When they visited they brought with them larger than life paintings and even larger stories. My cousins spoke of their mansion and their swimming pool while they complained about having to share a room with us and asked us how we could live without air conditioning. They talked about Aristide and the things he did as if they knew him personally. They looked down on our food and switched to Creole when they wanted to make fun of us. I would have abandoned my family and all my books behind without a drop of guilt to get to go back to Haiti with them.

They don’t live there anymore. My aunt split up from her husband who now lives in a state run facility in Florida. My cousins grew up and stopped bragging about Haiti.

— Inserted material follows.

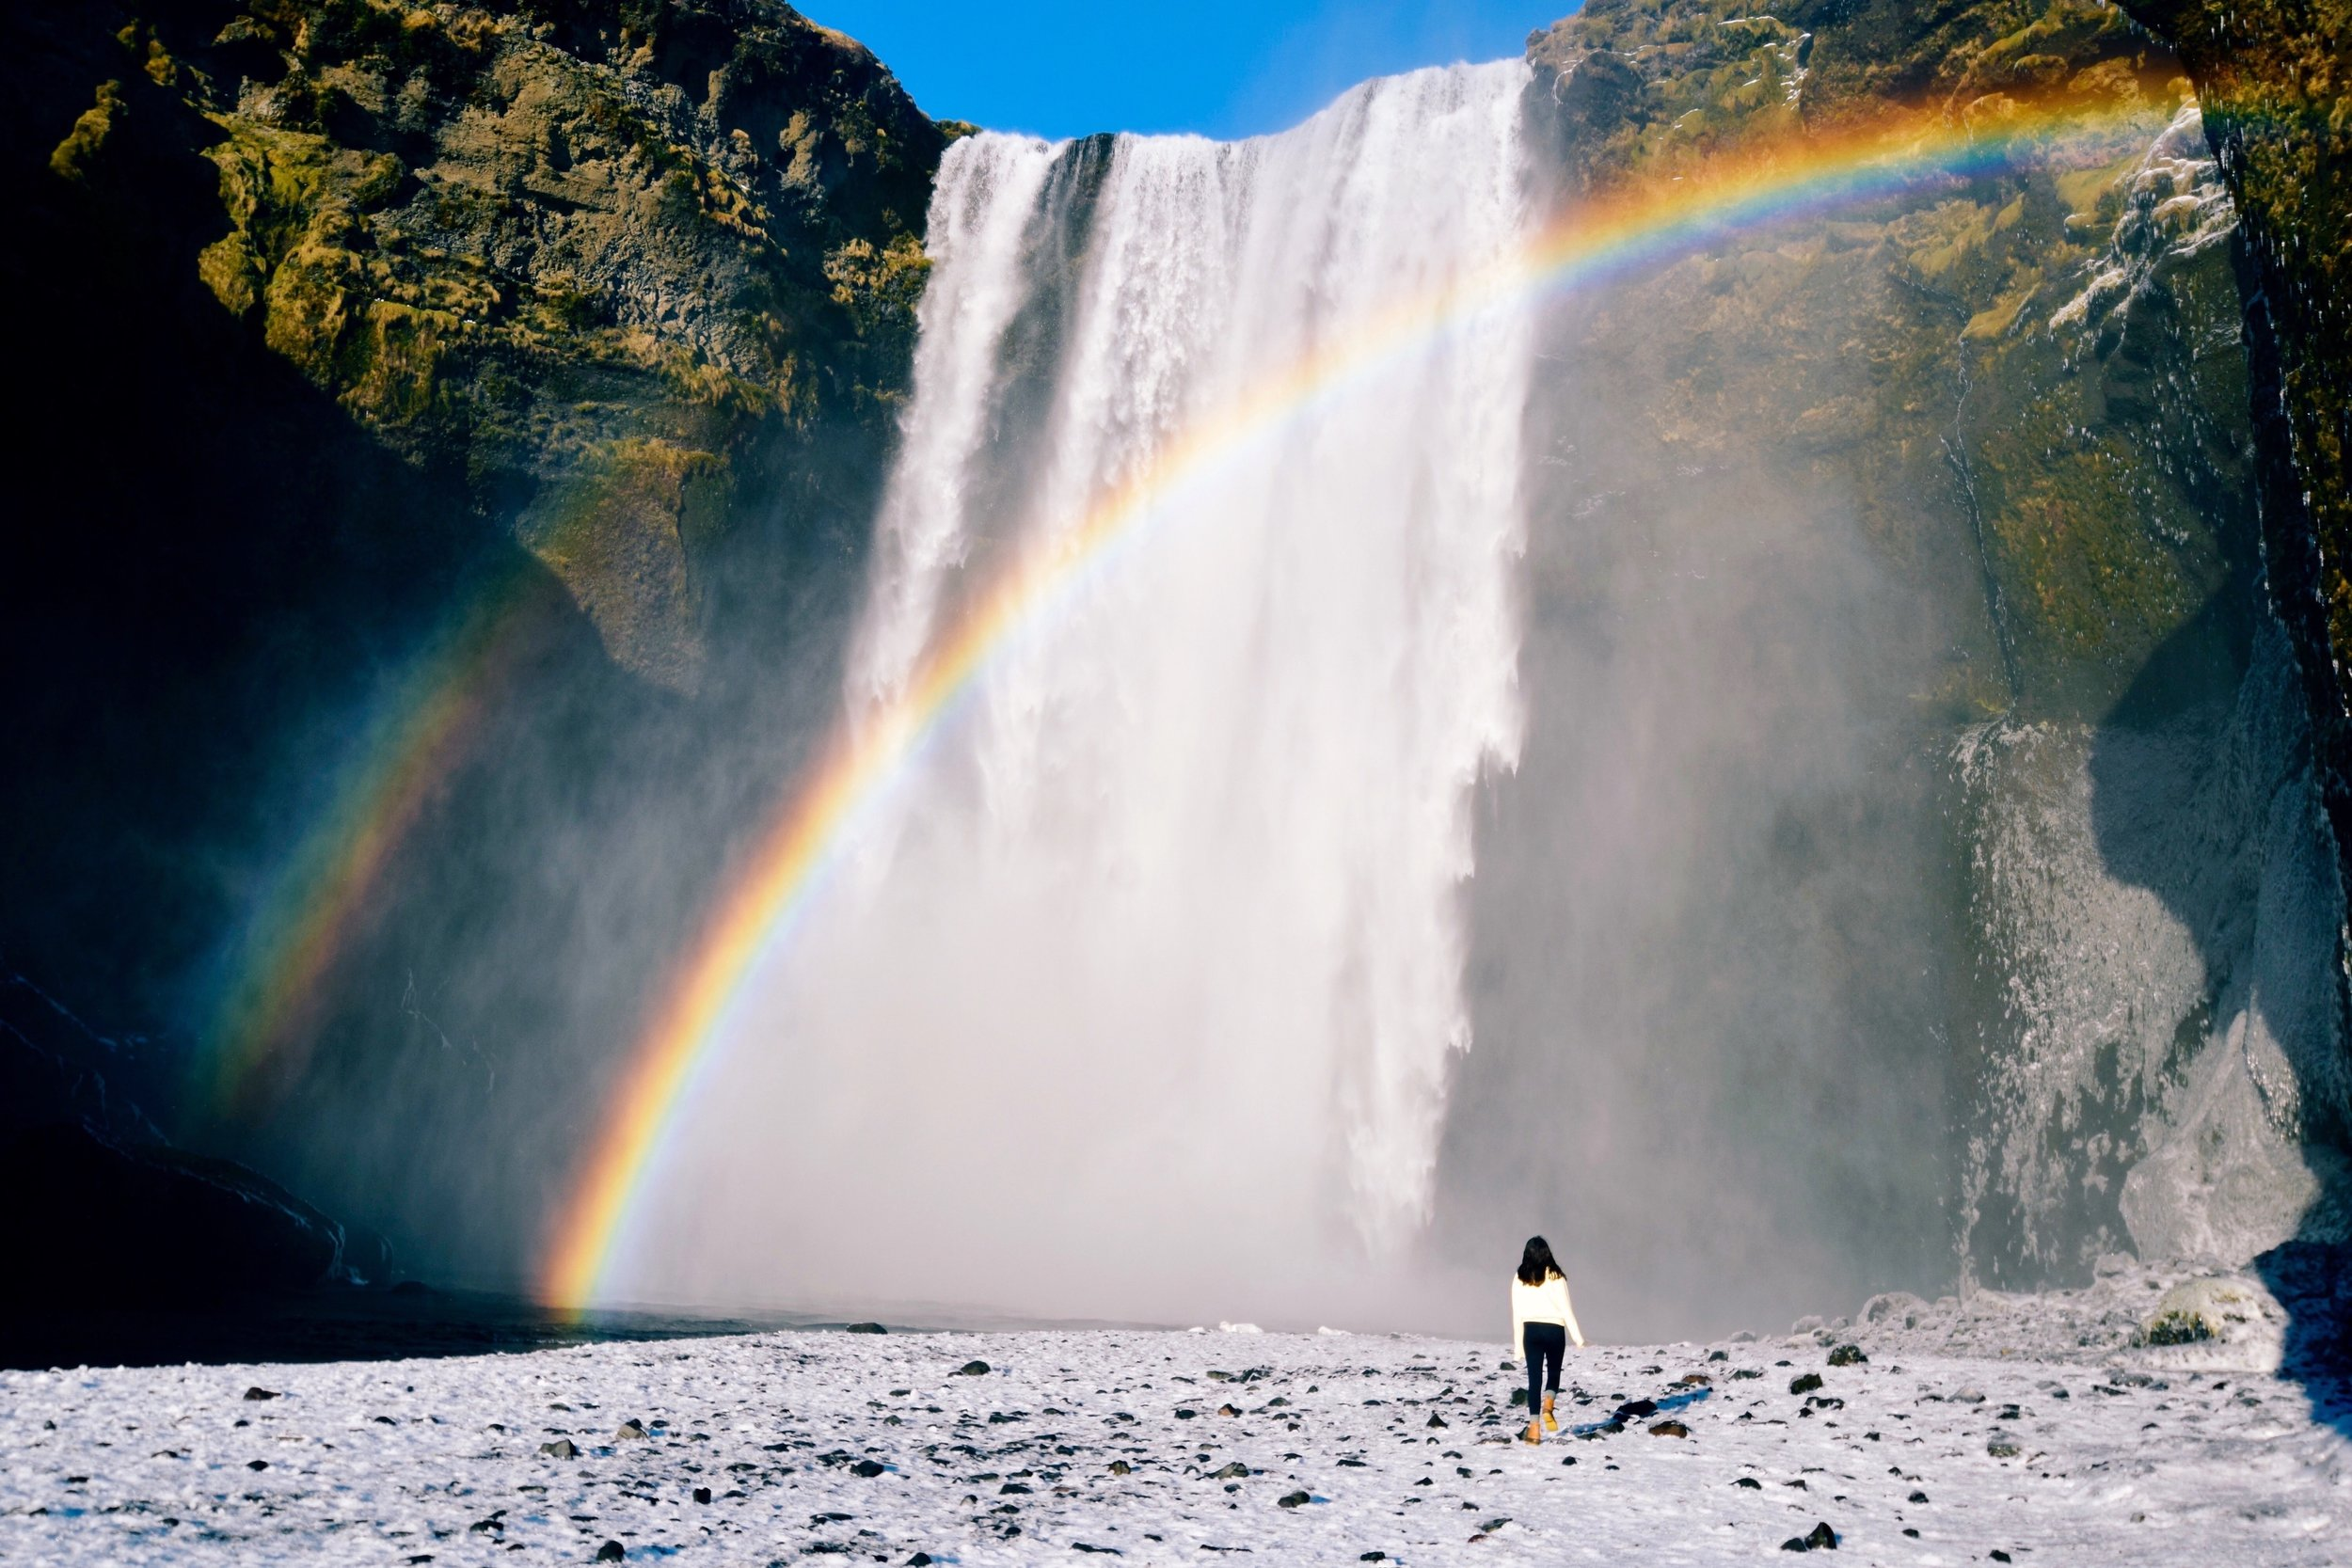 Rainbow over Rangarping, Iceland

Even though I eventually smartened up and figured out Haiti was not the utopia I imagined, I always think of Haiti fondly.

I’ve always been skeptical of donations. You can’t give everywhere and there’s always a cause, a disaster, a catastrophe needing money. Who am I to play God and decide who should get my help? Since I can’t give to all, I give to none. Besides, with all the necessary bureaucracy tied to getting my money from my wallet to where it is needed, of the $10 I might give, only 10c might make it to those I’m trying to reach – if they’re lucky. And I’ve always thought it’s better to help locally.

So I don’t give. Ever. Except this one time.

Because the situation in Haiti is so sad and so desperate that even if they only get 10c, if there are enough others giving, it might amount to some help. And they need the help.

If you’re not sad enough to give, go read Richard Morse’s hourly account of the earthquake and the days that followed.

There are many ways to help - from texting donations to dropping off supplies at collection centers (wanna drop off stuff in NYC tomorrow?). I don’t know what's the best way to give. I don’t know if our meager efforts will be any help at all. But I can hope, and hope provides a relief to sadness.

If you haven’t donated, take a look at this article. It includes a long list of the many options there are to donate funds for relief.

Good luck, Haiti. I hope you come out of this and get to build yourself a stronger and even more beautiful country.